From the line that contains "Villa pool & Jacuzzi" through the last line of the data, copy everything exactly and nothing else, omitting the pictures.
#### Input data
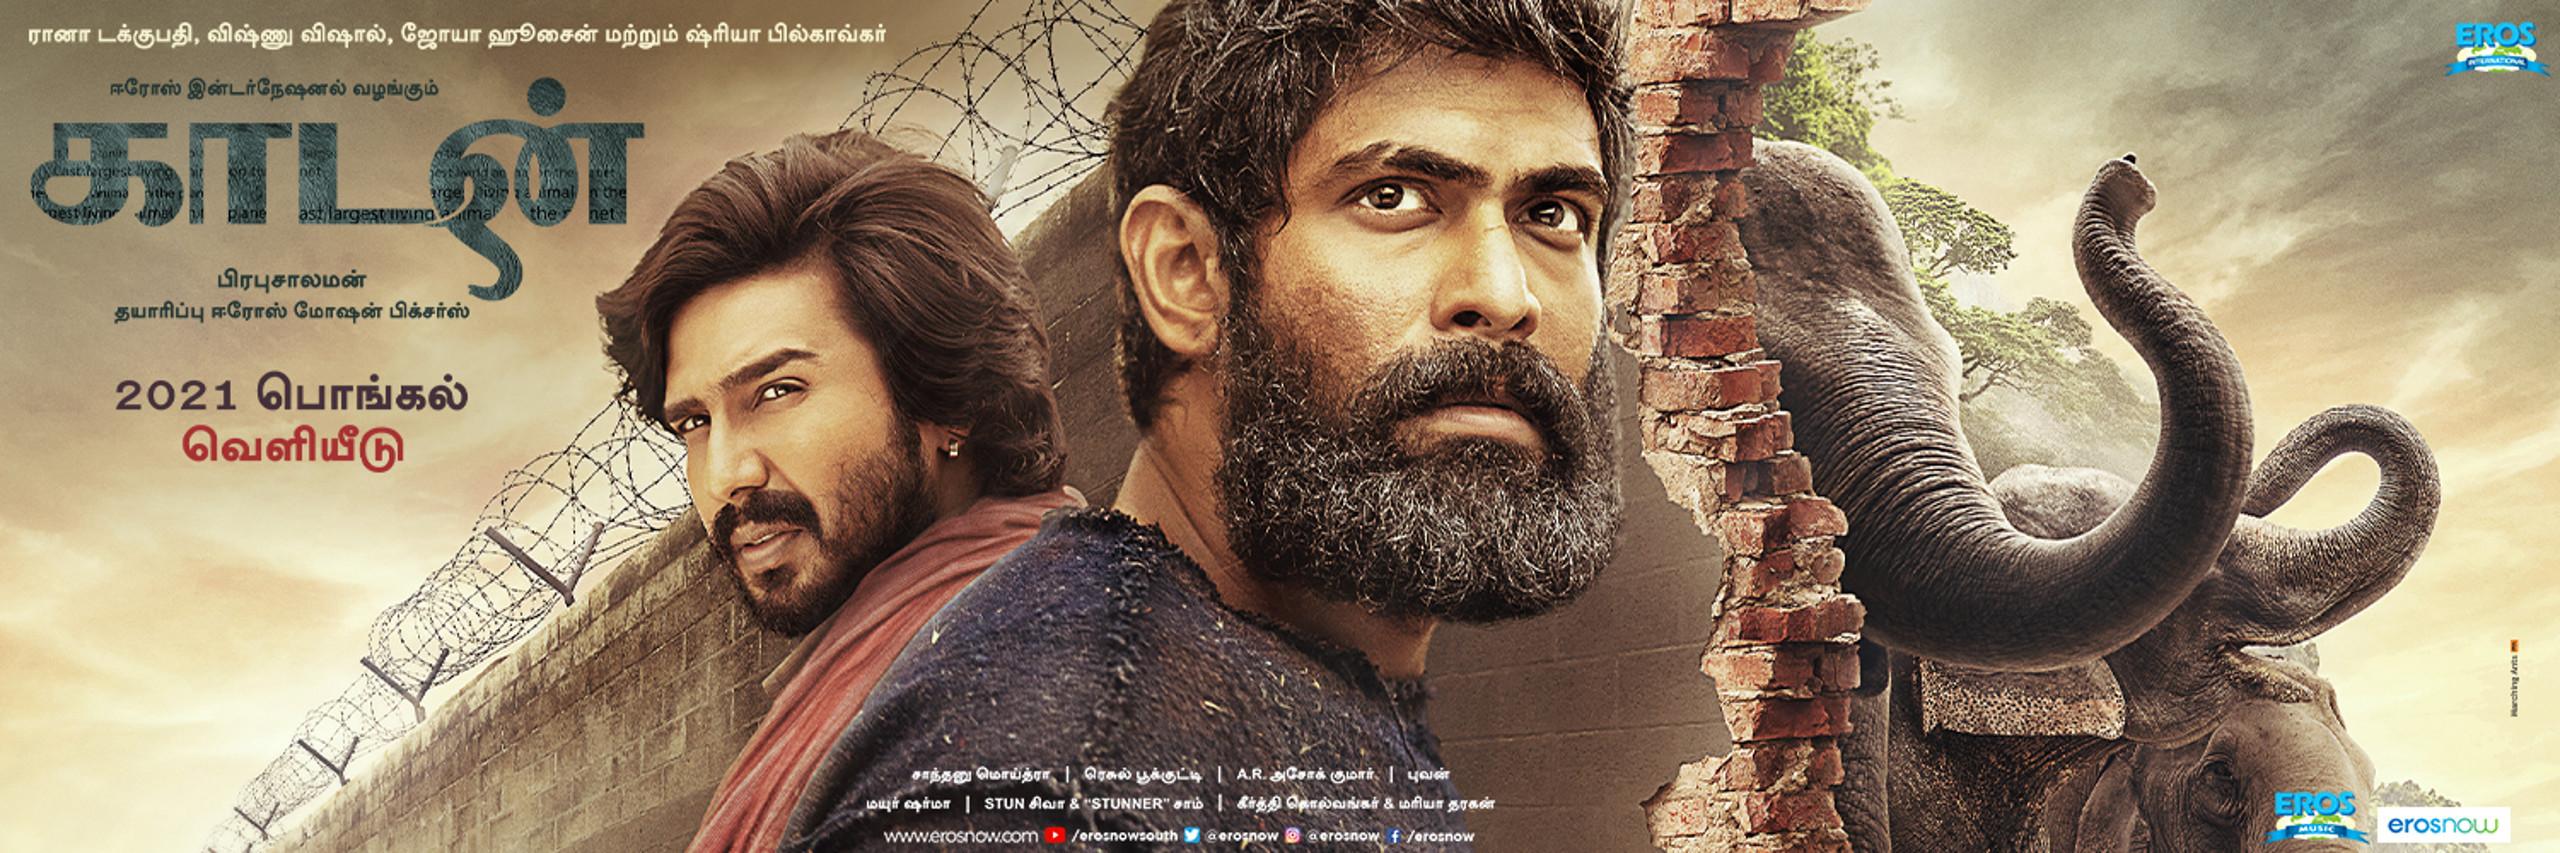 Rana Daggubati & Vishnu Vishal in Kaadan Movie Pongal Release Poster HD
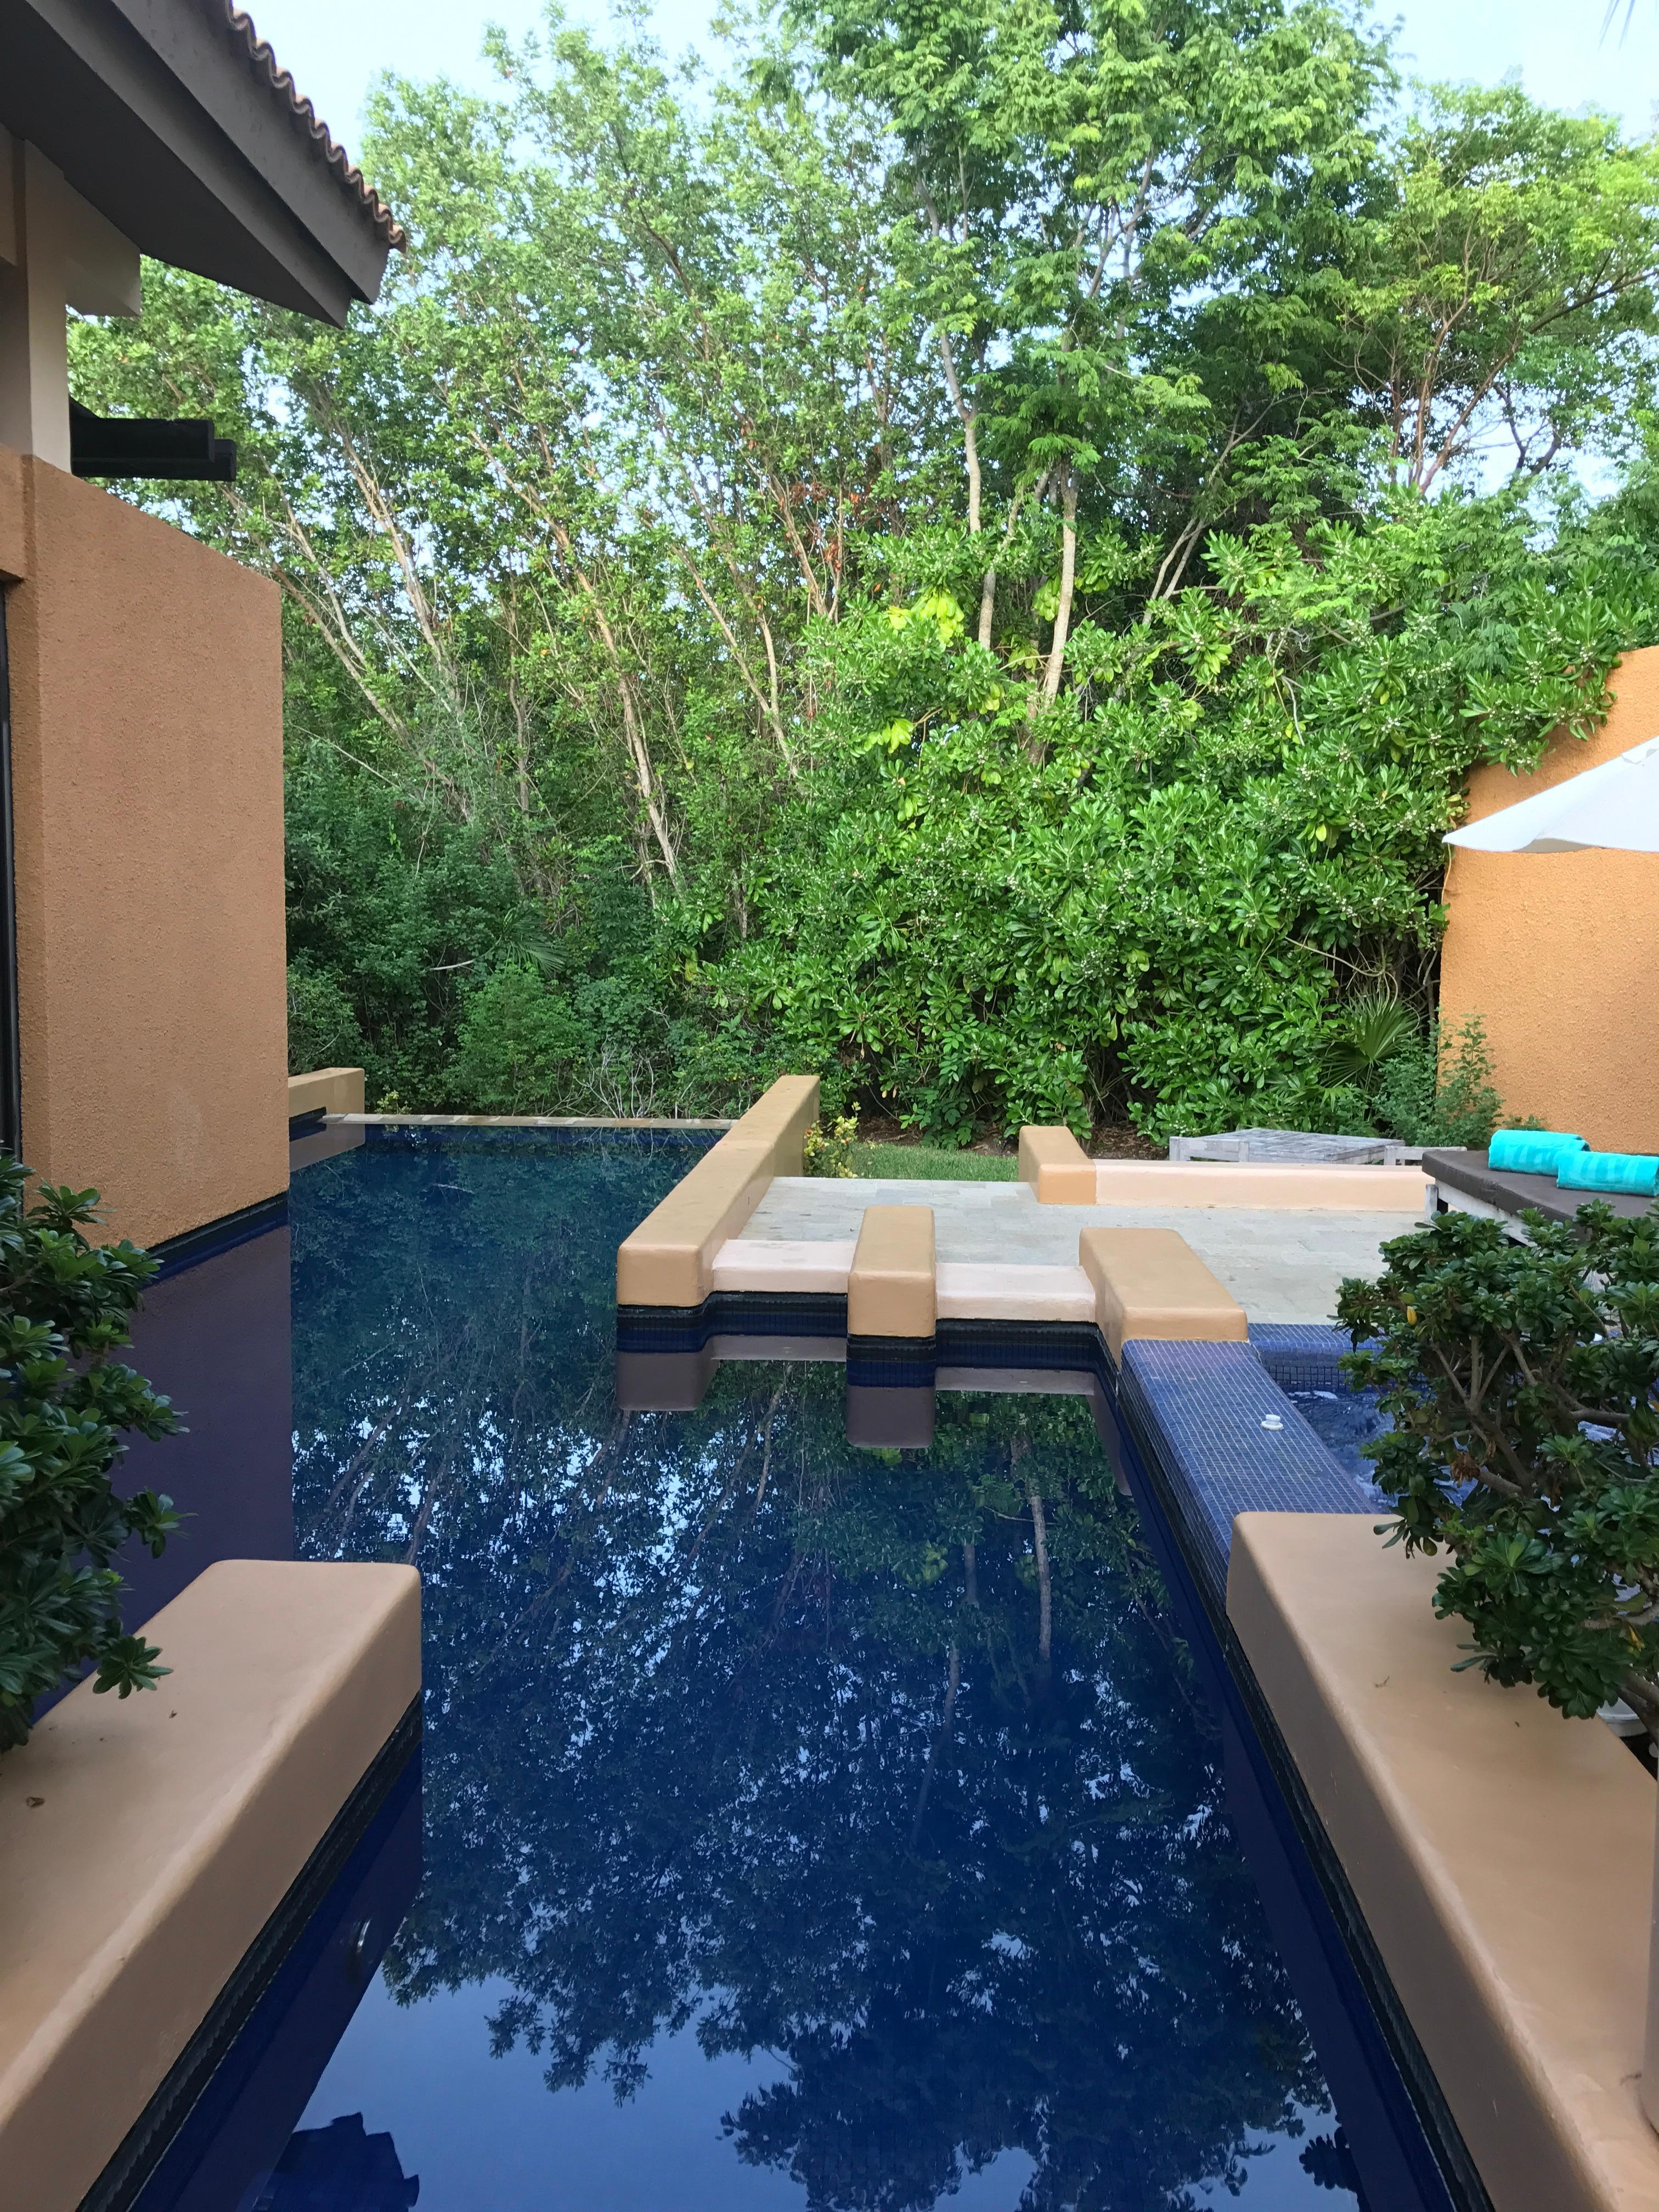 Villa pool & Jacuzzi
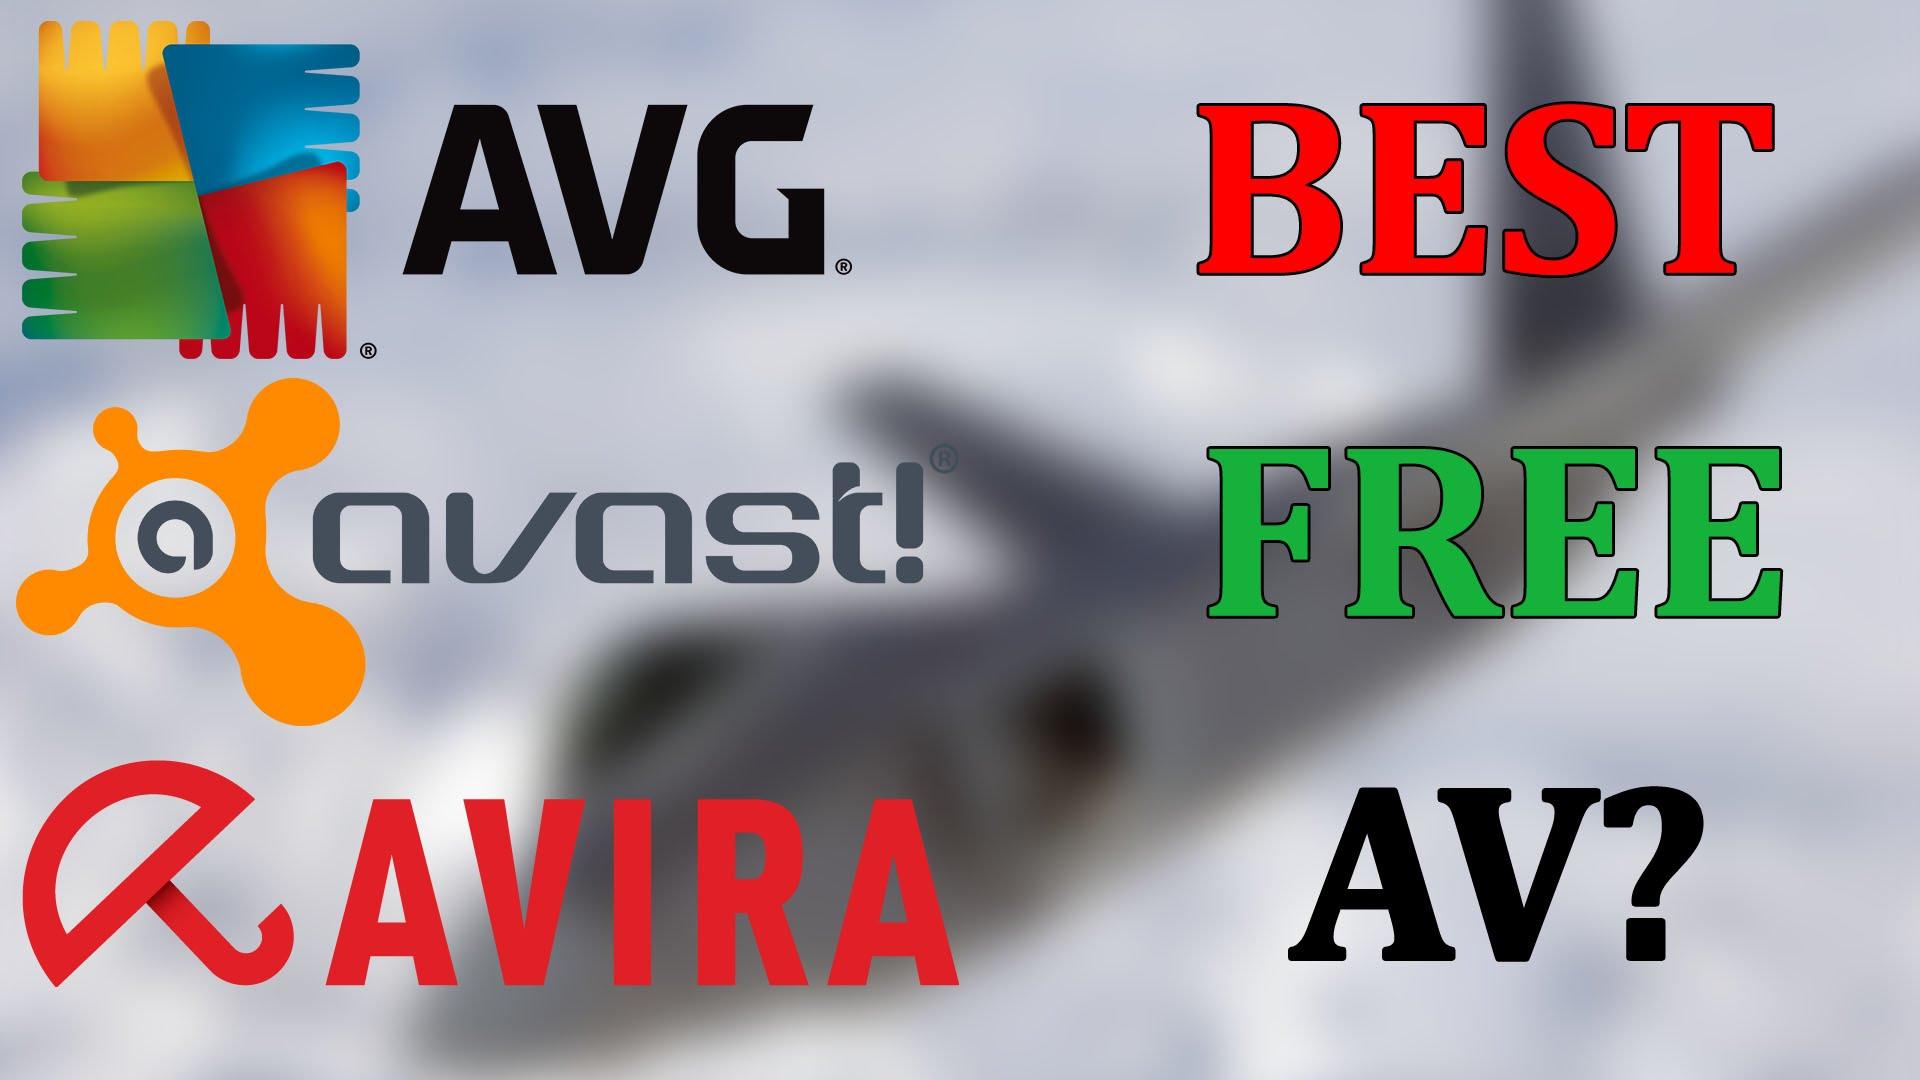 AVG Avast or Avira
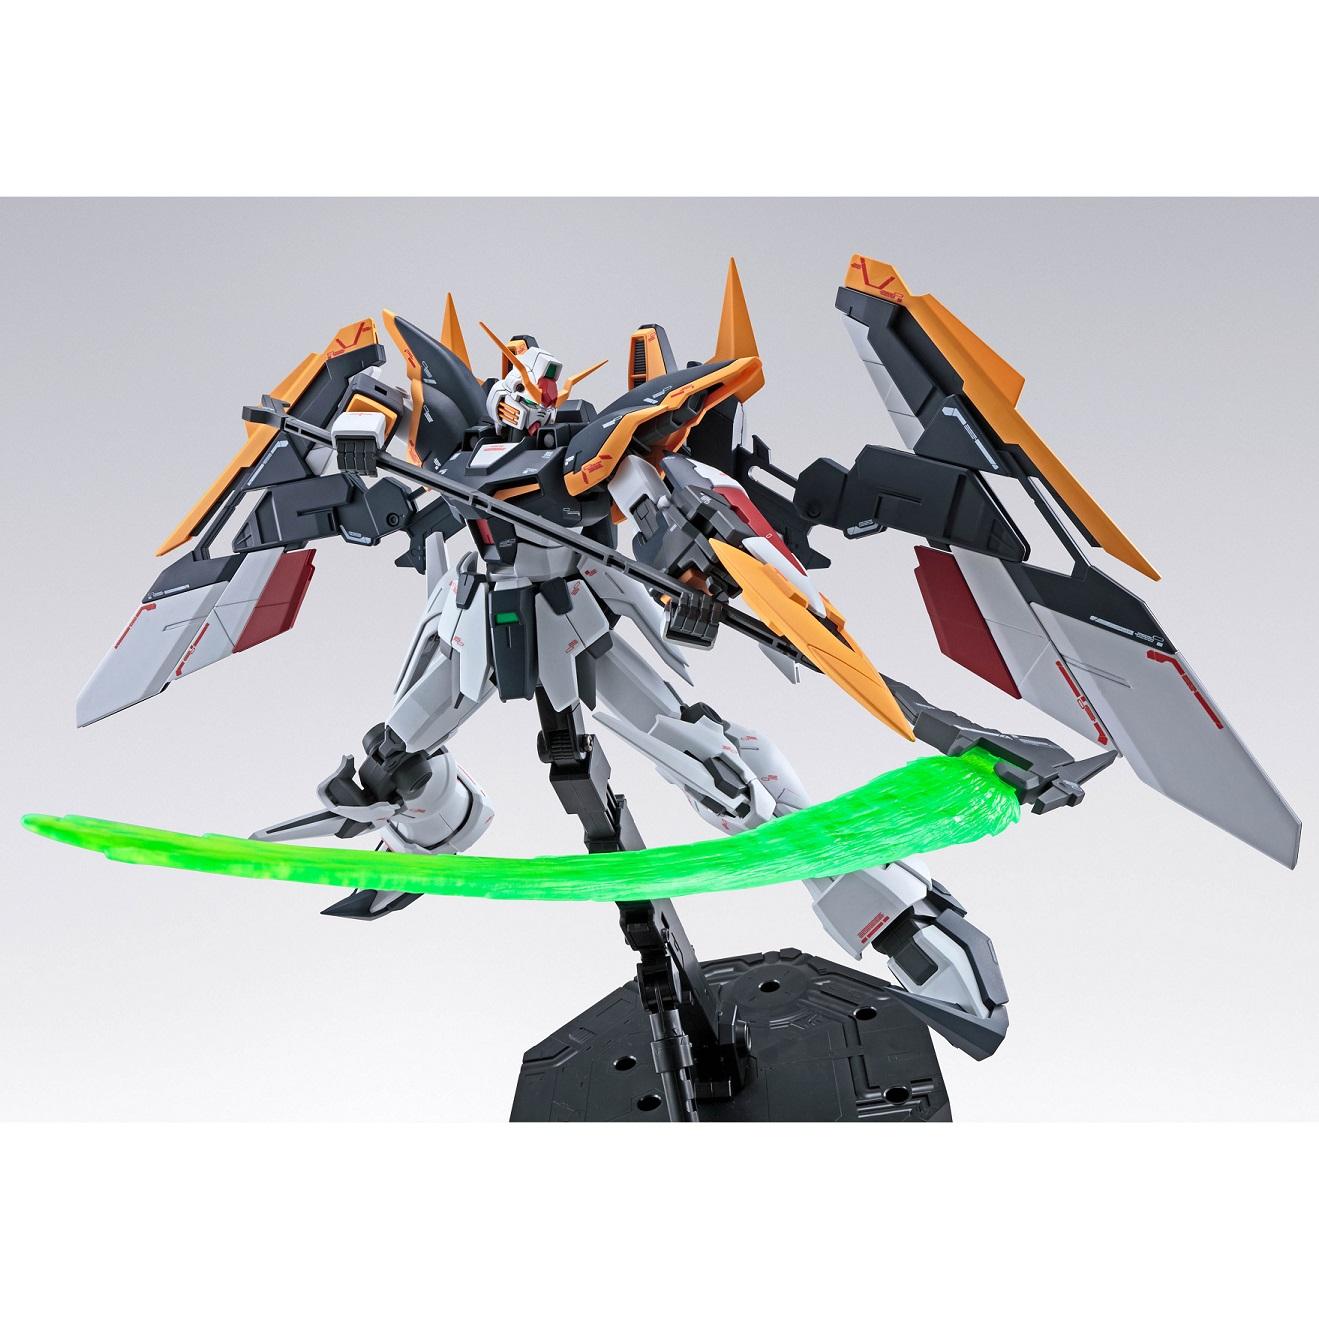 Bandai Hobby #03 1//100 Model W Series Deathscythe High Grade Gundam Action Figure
########
Result of the exercise
 Villa pool & Jacuzzi
 AVG Avast or Avira
 Bandai Hobby #03 1//100 Model W Series Deathscythe High Grade Gundam Action Figure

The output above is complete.